Réalisateur
Pascal Laugier
Acteurs
Anastasia Phillips, Crystal Reed, et Emilia Jones
Pays
Canada et France
Genre
Drame et Epouvante
Durée
91 min
Titre Original
Notre score
7

Suite au décès de sa tante, Pauline et ses deux filles héritent d’une maison. Mais dès la première nuit, des meurtriers pénètrent dans la demeure et Pauline doit se battre pour sauver ses filles. Un drame qui va traumatiser toute la famille mais surtout affecter différemment chacune des jeunes filles dont les personnalités vont diverger davantage à la suite de cette nuit cauchemardesque.
Tandis que Beth devient une auteur renommée spécialisée dans la littérature horrifique, Vera s’enlise dans une paranoïa destructrice. Seize ans plus tard, la famille est à nouveau réunie dans la maison que Vera et Pauline n’ont jamais quittée. Des évènements étranges vont alors commencer à se produire…

L’avis de Manu

Pascal Laugier est un cas assez rare en France. Metteur en scène totalement voué à son art (rares sont les concessions financières au dépend de l’artistique), cinéphile majeur et passionné tout simplement par le 7ème art. En résulte des films peut-être bancals : The Tall Man échouait de peu à être un très bon film, mais toujours impliqué et appliqué, Martyrs malgré sa dureté formelle, détournait les codes du genre en les menant à leurs extrêmes pour offrir un film qui finalement ouvrait plus à la réflexion qu’aux jump scares. Très bel essai à l’époque.
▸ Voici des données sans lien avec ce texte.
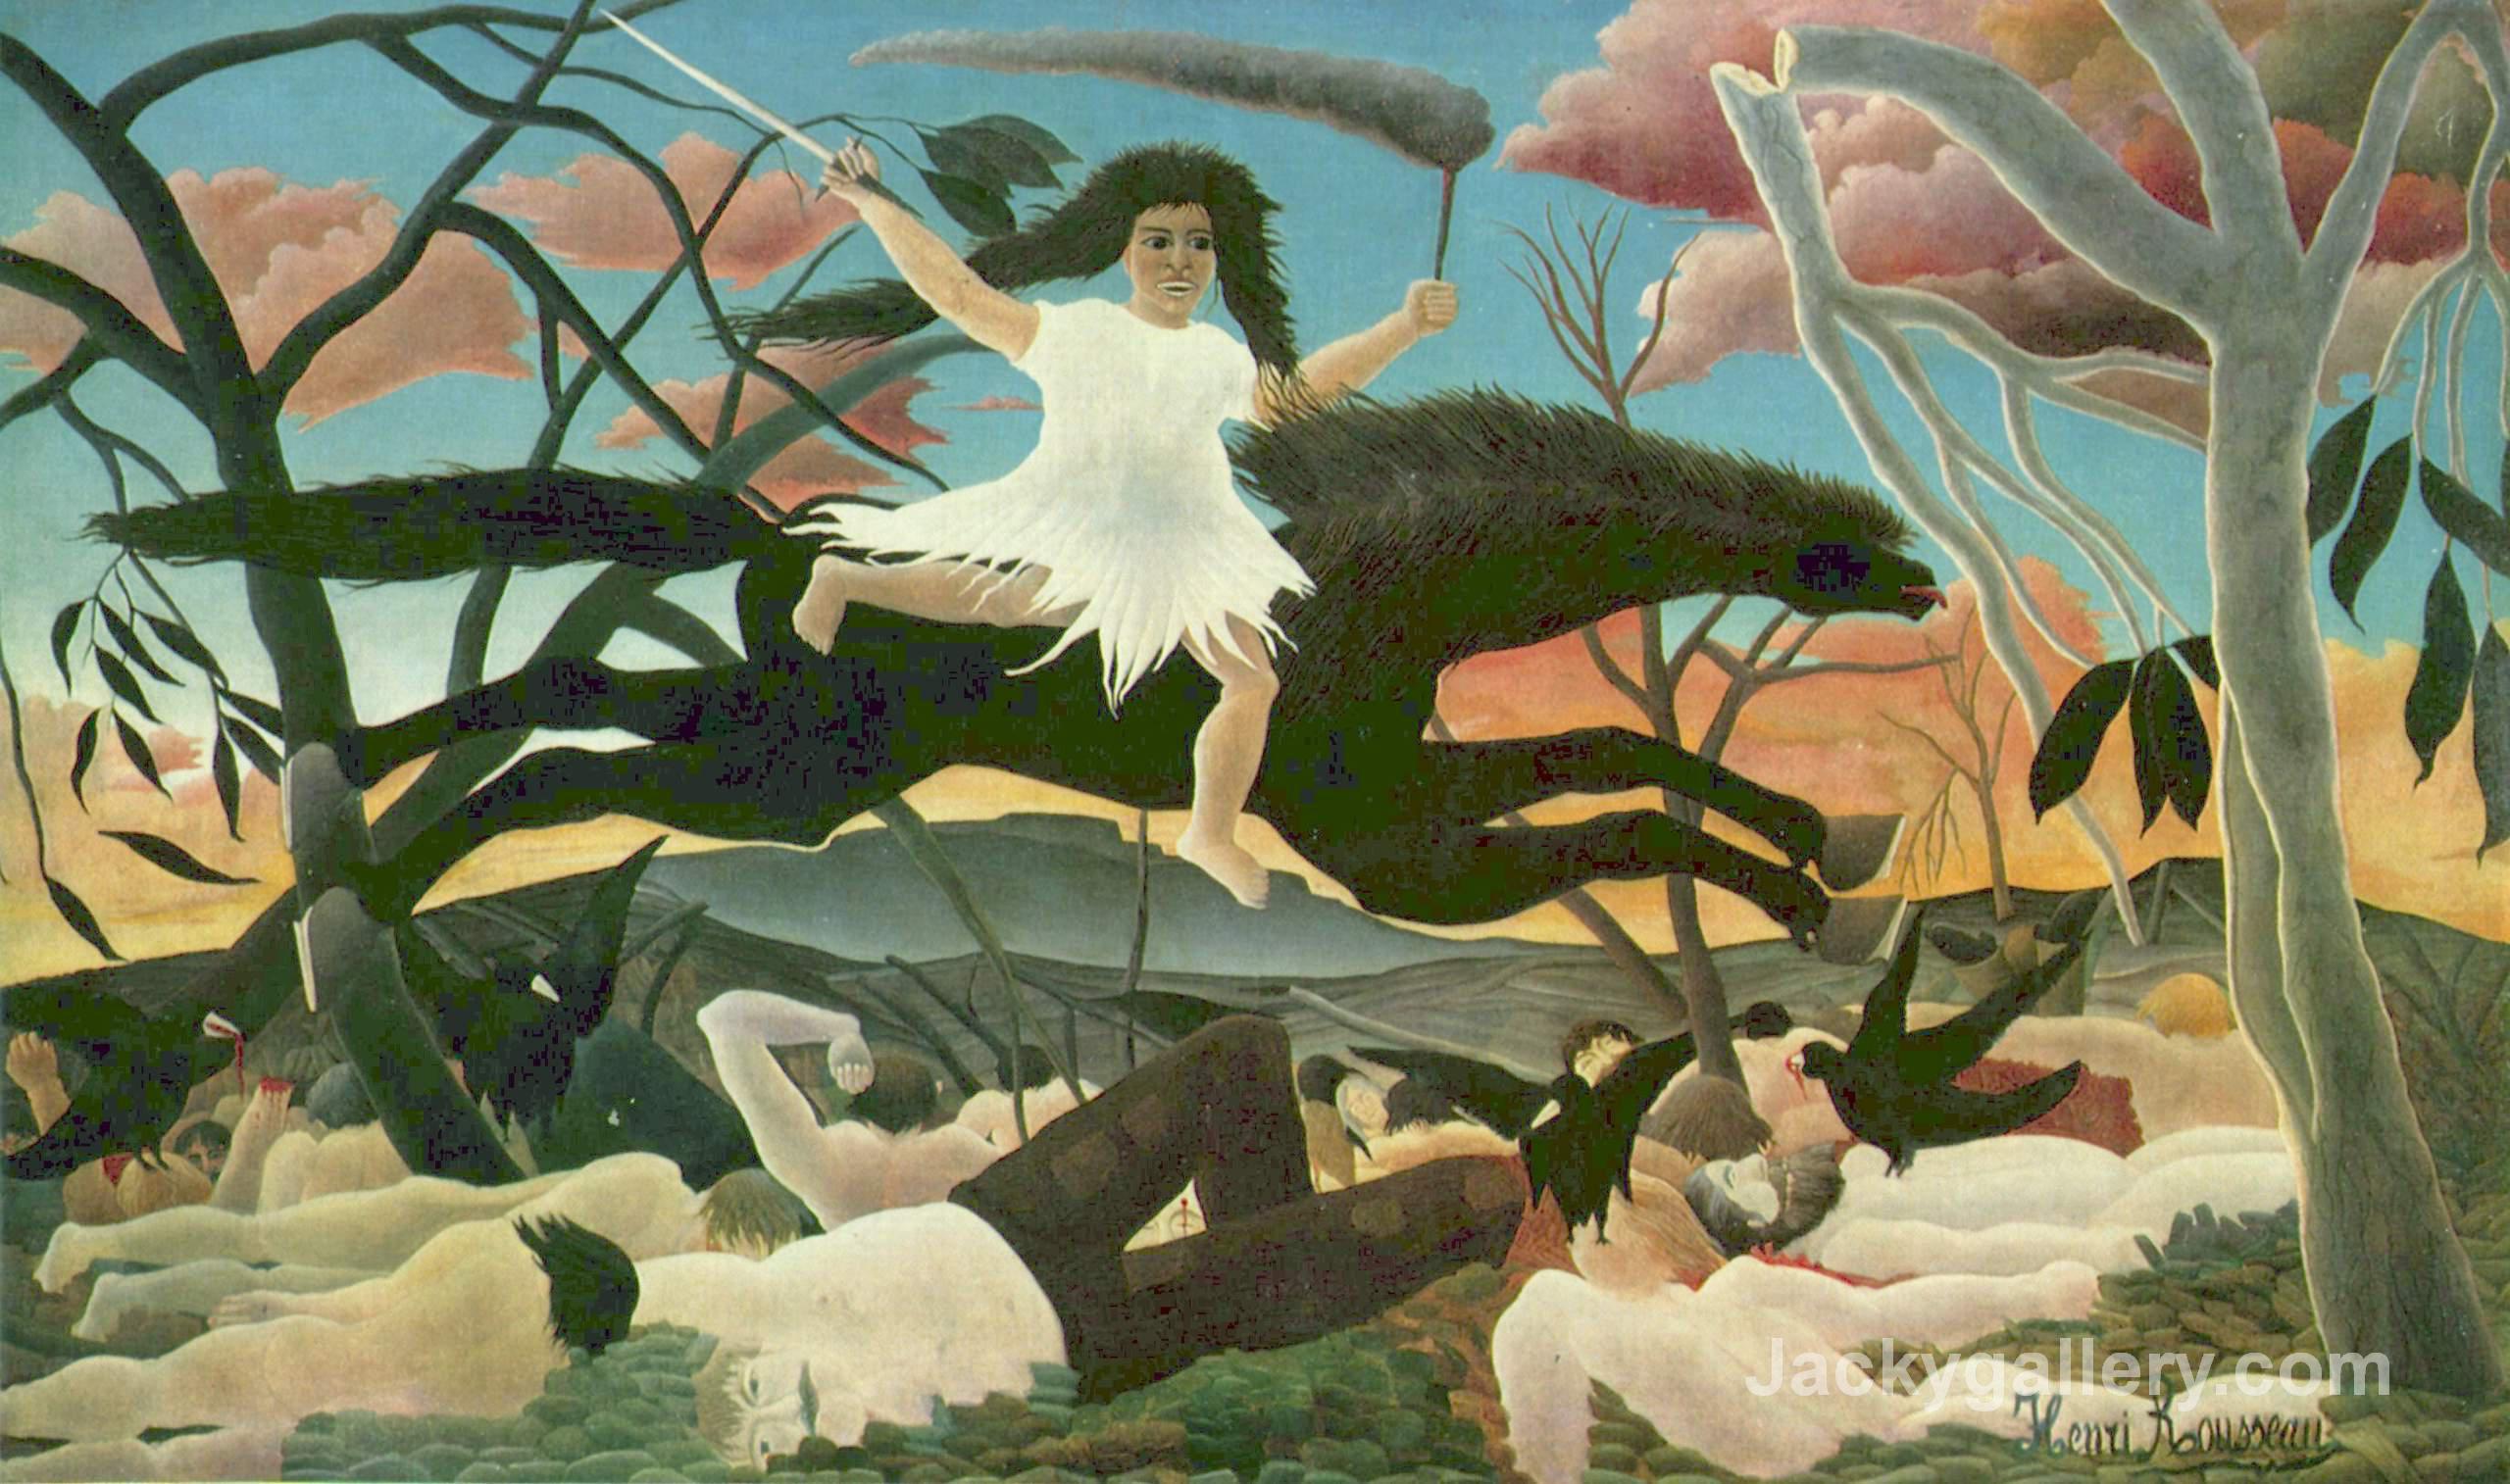 The war (La cabalgada de la discordia) by Henri Rousseau paintings reproduction

Ghostland, avec le même intérêt, s’offre toujours et encore un parti pris extrême, toujours sous l’introduction de la violence pour nous parler finalement avec subtilité et intelligence. Encore plus joueur cette fois, jeu formel et narratif au rendez-vous, Pascal Laugier explore les tourments humains et joue avec le spectateur d’une façon indéniablement intelligente. Ici la violence graphique n’est pas là par obligation mais s’avère toujours justifiée dans ses errances comme dans ses provocations, nécessaires au récit.

C’est brillant, flippant et terriblement bien mené. Avec son scénario habile où le torture porn n’est jamais lâché bêtement devant nos yeux mais tout de même présent pour condamner l’ensemble à être terrifiant, Ghostland est un joli pied de nez made in France à tout un cinéma qui ne se renouvelle plus du tout au pays de l’Oncle Sam sur ce versant. Avec modestie, passion et savoir-faire Pascal Laugier réalise une œuvre puissante et efficace qui surprend constamment par la narration qu’il emploie et les séquences violentes qu’il tutoie. En résulte un des meilleurs films d’horreur vu récemment en salle, confirmé dans son intention par un dernier dialogue d’une simplicité tranchante et d’une efficacité terrifiante. Plus que tout autre twist tiré par les cheveux comme à l’accoutumé.